Sunday, May 22, 2011

 

Institutional Factors Keep Obama The Favorite

President Obama seems like a near lock for re-election... Or so it would seem given that potential Republican candidates are dropping out of the race quicker than they can say "Reagan".

An often cited reason for Obama's great chances is that first term Presidents for a given party's term (so George H.W. Bush was actually the third term of a Republican administration) almost always win re-election. But is this true? Is another factor helping him?

The best way to understand whether or not Obama is aided by being a first-term President is to model past election results.

Alan Abramowitz's "Time for Change" model attempts to achieve this task. Utilizing second-quarter GDP growth in the Presidential election year, Presidential approval in the second quarter of the election year, and a dummy variable (1 or 0) for whether the party in the White House has completed 1 or more terms, he finds that the term variable is very important.

In fact, President Obama is estimated to garner 4.4% more of the popular vote than he would if his party were in its second term in the White House for a projected percentage between 53-54%.

Abramowitz's model, however, as good as it is at predicting, is not a straight fundamental model. The Presidential approval term can encompass many variables (wartime fatalities for instance) and does not explain the "fundamental" cause of disapproval of the President's job.

To test whether Abramowitz's results on term of the party in the White House hold true in a totally fundamental model, I turn to Douglas Hibbs' well-respected fundamental model based off of 15 elections worth of weighted real disposable income growth per capita (DPI) and fatalities in aggressive foreign wars* over the Presidential term.

We find that the addition of the variable for term of the party controlling the Presidency (0 for 1st, 1 for 2nd or later) does have a statistically significant impact (at the 90% confidence interval) on Hibbs' model. Given the current and projected state of DPI for a weighted value of 1.18 (see this post for more on economic projections), Obama is estimated to receive 51.6% of the two-party vote.

If 2012 was the end of the second or later term of a Democratic administration, Obama's estimated vote percentage would be 49.3%. The effect of the term variable seems less than the Abramowitz model, but enough to turn Obama from an underdog to a favorite.

One other factor that some argue is helping Obama's re-election chances is the Republican House. Regardless of the ideology of this Republican House, the center of the American electorate seems to like divided government.

Plugging an ordinal variable (0 for no, 1 for half, 2 for yes) into our reformed Hibbs' model (with term of the President taken into account), we can reestimate our model to test whether or not Congressional control by the President's party adds to our ability to explain past Presidential election results.

It turns out that when President's party controls Congress, it hurts the incumbent's party chance of re-election to the White House. This effect is statistically significant at the 95% confidence level and makes the term variable have a greater affect and is more significant. This new model has an in-dataset margin of error at 95% confidence of 3.3% and explains 92.9% of the past 15 Presidential elections.

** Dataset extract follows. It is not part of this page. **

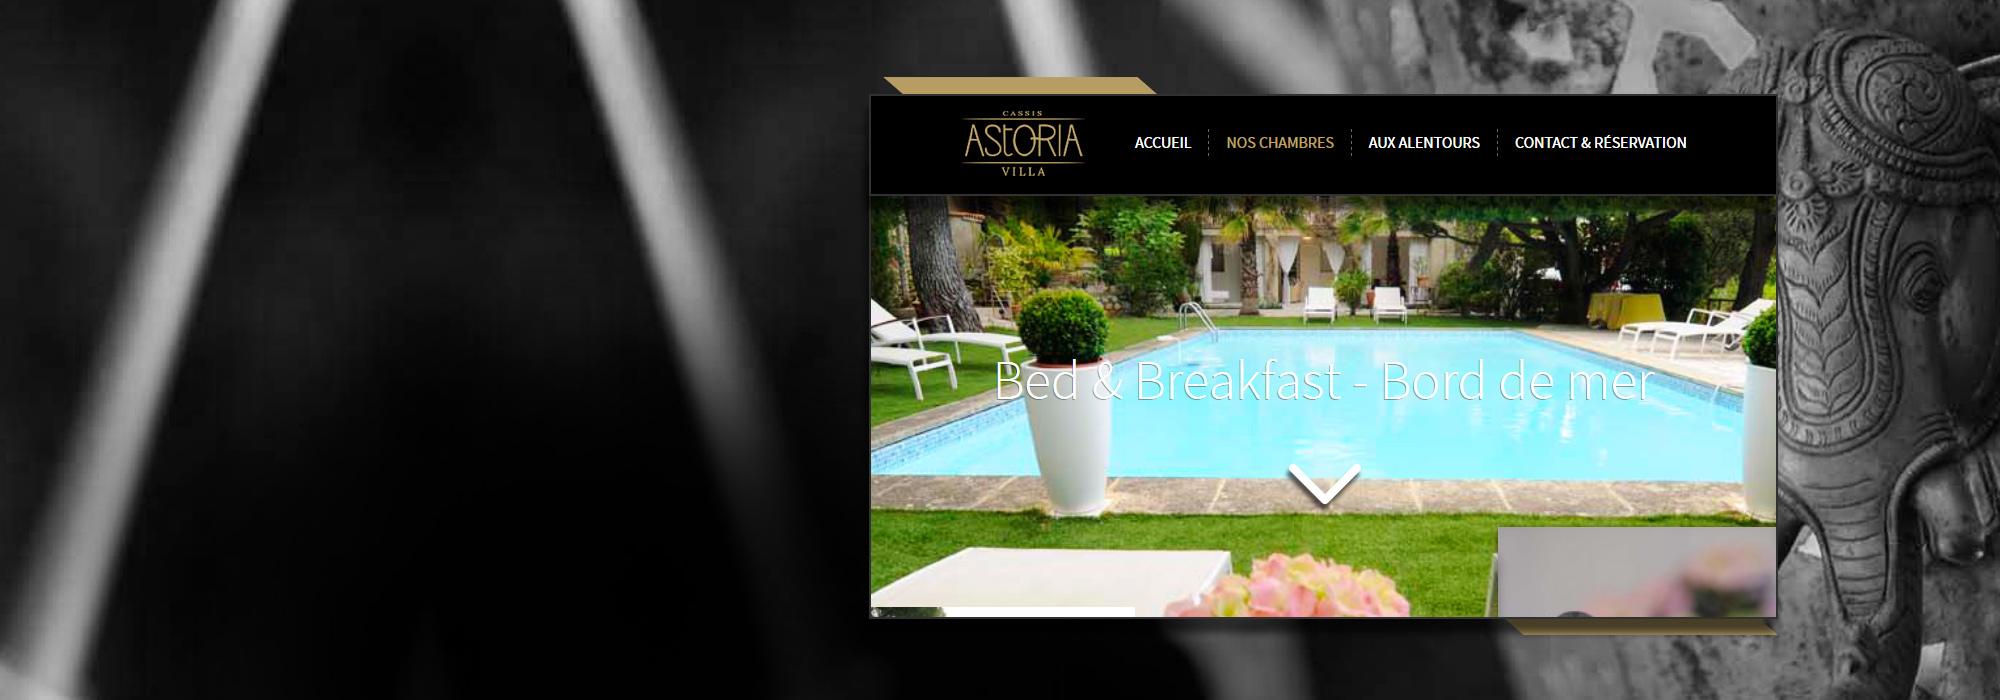 Chambre d 39 h tes avec piscine avec vue sur mer sur cassis astoria villa jalis - Villa cassis chambre d hote ...

Our re-estimated model controlling for Congress projects Obama to win 51.8% of the two-party vote (little different from 51.6% for the model without a variable for Congressional control).

If, however, the Democrats controlled all of Congress (2 for yes) instead of half of it (1), Obama's predicted percentage would drop to a calculated 50.2%. As the table below illustrates, his projected vote would drop to 46.1% if this control of Congress were combined with a second (or later) White House term.


As it is, Obama looks to be a favorite, but his election is not assured even given his term and split control of Congress. The few Republican challengers left in the race have a decent shot of winning and even better chance if the economy does worse than forecasted.

*The variable takes on a value of 0 in 2012 because the war must be started by the current President's party.

Comments:
Nouns trump adjectives.Ignore (American Presidential) and go with National Leader Elections and then you find a rich host of data. Since 1960, after incumbent party change, The Anglos (usa,uk,can,aus,nz)have re-elected all first termers except 5. An ancient, decrepit Nash (nz) and 3 done in by Opec within 18 months of a price rise:Heath,Carter,Clark. Trudeau came to power in 1980 and the liberals lost after one term but in effect they had been in power for 16 years so the real total is 4. In the Economist magazines' Democracy Index, all first termers got re-elected in the last cycle. If you want a long email I can send. The bottom line is the 2012 election was decided when Mcain was nominated since he was too old and decrepit to win, as viewed in a rich data international set! Thus Obama won in 2008 and won the 2012 election since elections are almost always won 2 at a time. Like all analysis, yours likely suffers from a false premise: You need to know the country in which the election is taking place. You probably do not need to know this in most cases!